The following day Paul went to see a doctor in the hope he might be advised as to how he should rid himself of his new bane but the doctor referred him to a barber who only referred him back to the doctor saying that the cutting of such hair would mess up his scissors, his floor and make business somewhat risky. So the doctor told Paul he would have to allow the tar to “grow out” of his hair. Paul was not happy to resign himself to this — but gradually he did. My flatmate took to wearing large woolly hats to conceal the mess it seemed had become part of his head.
The weeks passed by and eventually the time came when Paul decided he would like to go away for a holiday. It turned out to be a long while before he was to re-appear.
Paul came back one Saturday morning in September; during the twelve weeks that he had been gone I continued to live in London, going about my normal business. The roof over the flat was still leaking and the general condition of things inside carried on into decline, also I found that I was missing Paul’s company.
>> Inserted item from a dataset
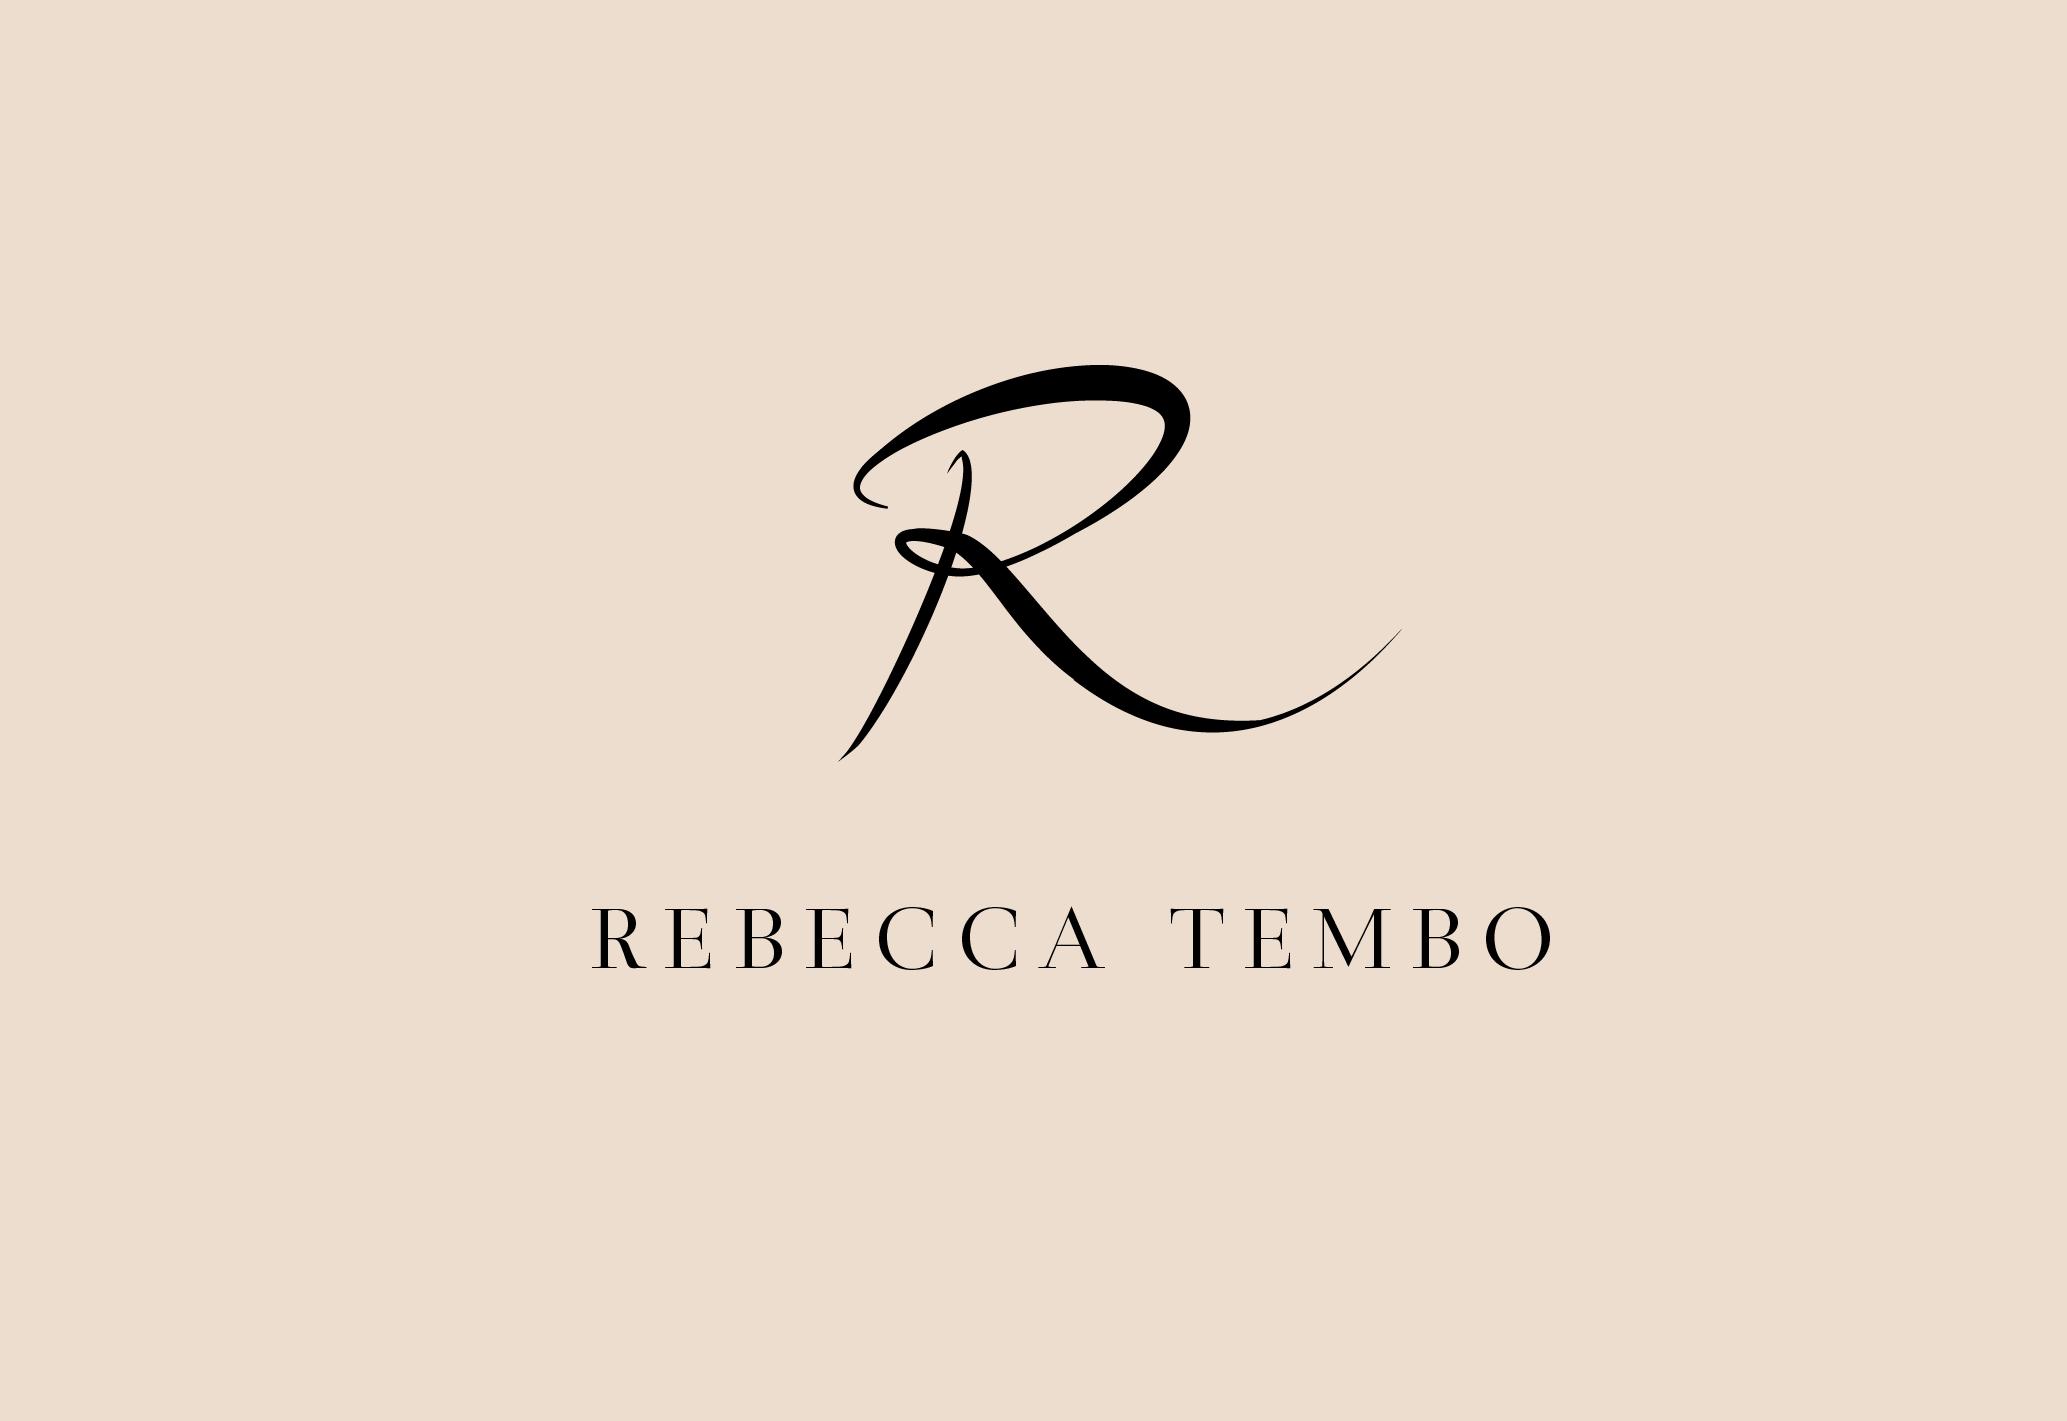 Rebecca Tembo

This particular morning I was sitting at my desk trying hard to do some work when the floor boards outside the room made a familiar creaking noise, suggesting someone was standing on them, I wondered who it could be. Not Cyril, the ageing landlord — he was out. An intruder perhaps? For a moment I was afraid and considered preparing for the worst, so quickly took hold of my knife, but then …………. the door opened and in stepped Paul! I supposed it was him, for it looked like a real weirdo had come into our flat. His hair was everywhere. It was really long. It was mad, a voice from under the hair said:-
then I knew it was Paul, yet the hair still looked mad, so I said to him:-
“Your hair looks really mad.” to which he replied:-
“Yeah, really mad.” then I knew he was “O.K.” and after that we lived happily ever after.